Great explanation! Just curious, were you able to solve it during the contest, or you spent time afterwards to come up with the solution?

Thank you so much! I Finally understood the problem

nice explanation!!!

Thanks for this, I was about to request this in comments!

I always watch your explanation then I code my solution before wathcing your code solution.

The key was seeing we can find answers by converting to a "target string", I thought there was some other trick to achieve alternating pattern, like checking for sequences

Thank you so much bro.

Aren't the string concatenation O(n^2) as they are immutable...

Thanks for your content. Your solutions are amazing. Could you please make a video on Subarray sum equals K.

Thanks dude

Thanks!

Such a smart solution. Is this really a medium question though? It's pretty hard to come up with such a solution during an interview.

Thank you

Thanks for keeping up posting new solutions. Btw, what do you do as a software engineer? Web, Mobile, backend, or something else?

It is not necessary to check if left - right + 1 == n: res = min(res, diff1, diff2). You can do it at the bottom of the if left - right + 1 > n block since left will have been updated and that will make left - right + 1 == n

to generate alt1 and alt2 we can use alt1 = "01" * n alt2 = "10" * n

we can get alt values by using '01'*n and '10'*n

ur videos are such a pretty ones.

keep posting.

Hey can you please do 1889 as well? Thanks!

Just FYI, Same implementation in Java returns TLE Thanks, ndesai

Does anyone know why string is added to original only once? How does duplicating string solve the problem? Is it coz string comprise of '0' and '1' (only 2 types of digits) ?

Nice

Thanks for the video, but I think there is a mistake in the code. The string concatenation creates new copies every time, so the time complexity of constructing alt1 and alt2 is O(n^2). I think the list operation should be used instead

What is the purpose of s = s+ s ? What does it help us with?

if (r-l+1)==n: res = min(res,diff1,diff2) This if condition is unnecessary, since the left pointer has already been increment. it's just like if (10-0+1>10), again if (10-1+1)==10 in the same loop. so completly waste. you can just put " res = min(res,diff1,diff2) " inside of the prev if condition.

Nice way to explain , but I think this is not the optimal solution and errors out for a test case having around 74461 characters in input . Error- :Time limit exceeded" . Kindly update the code with the upgraded version if any . It would be really helpful if there can be a direct link for the source code as well . Thanks, your videos are helpful !!!
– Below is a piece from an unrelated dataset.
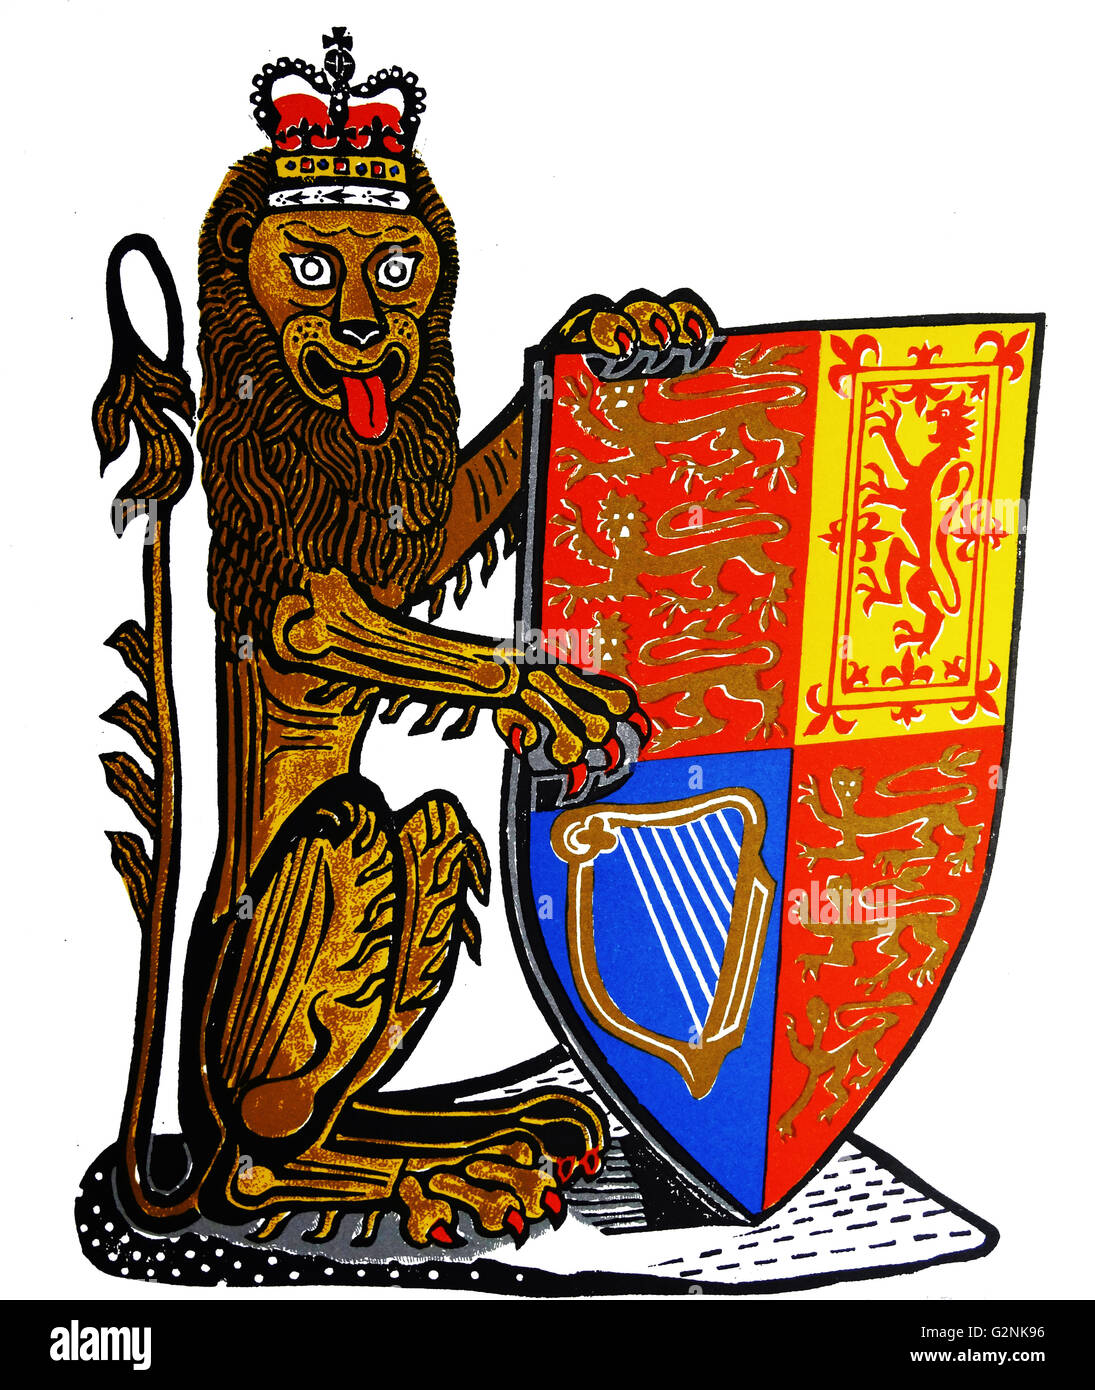 Le lion héraldique de l'Angleterre. La première et quatrième quadrants représentent l'Angleterre et contiennent trois lions d'or passant sur un champ rouge ; le deuxième quadrant représente l'Écosse contient un lion rouge sur un champ d'or ; le troisième quadrant représente l'Irlande et la harpe d'or contient de l'Irlande sur un champ bleu. Dessiné par Edward Bawden CEPB RA (1903 - 1989) était un artiste graphique. Banque D'Images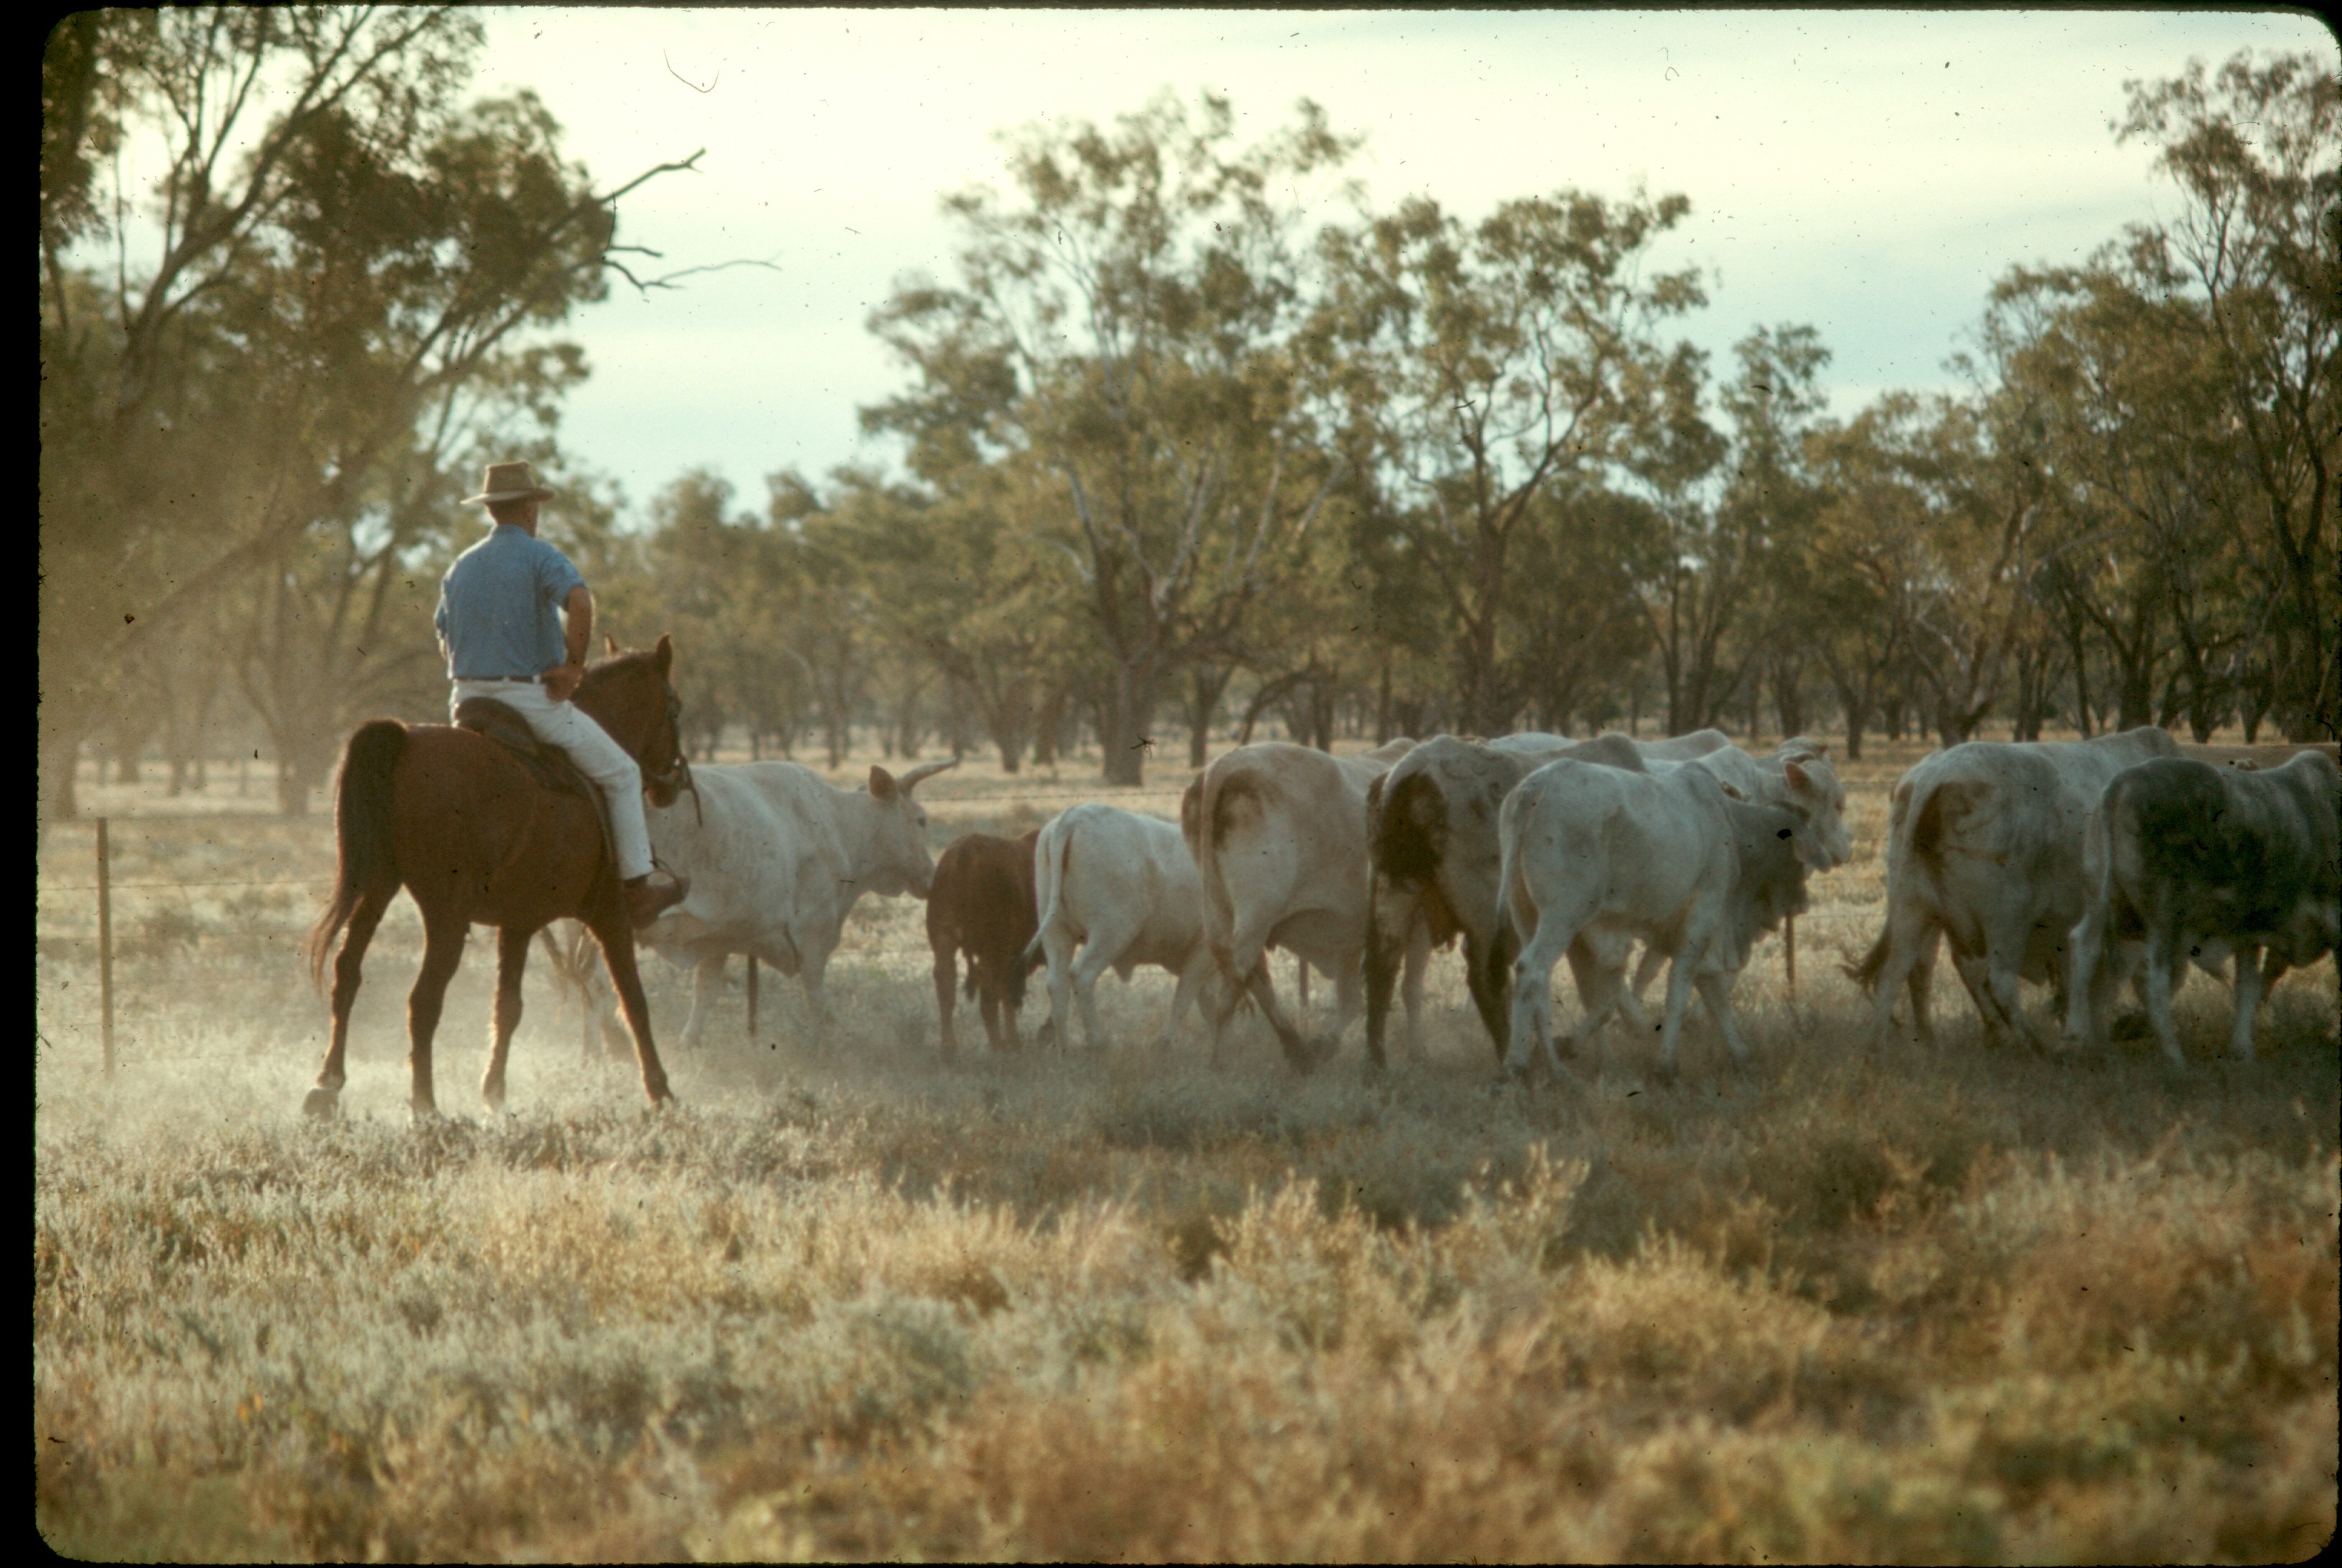 ss 043 1970 06 18 herding cattle on property in australia

double size of list -> too brilliant. I know the solution, but I can't figure it out how to code it effectively.

👍

I don't understand why its impossible to get a better solution by performing type-1 operations, then type-2 operations, then type-1 operations (etc) VS just performing all the type-1 operations and then all the type-2 operations

This is not medium level question it very very hard for anyone to come up with this type of solution by it's own

Actually diff1 + diff2 == L. Only one diff/alt is needed.

We will watch the problem or the ads? Seems like greedy algorithm

Efficient ?! it shows 1232ms right there, and it LTEs in other languages. But good explanation thank you.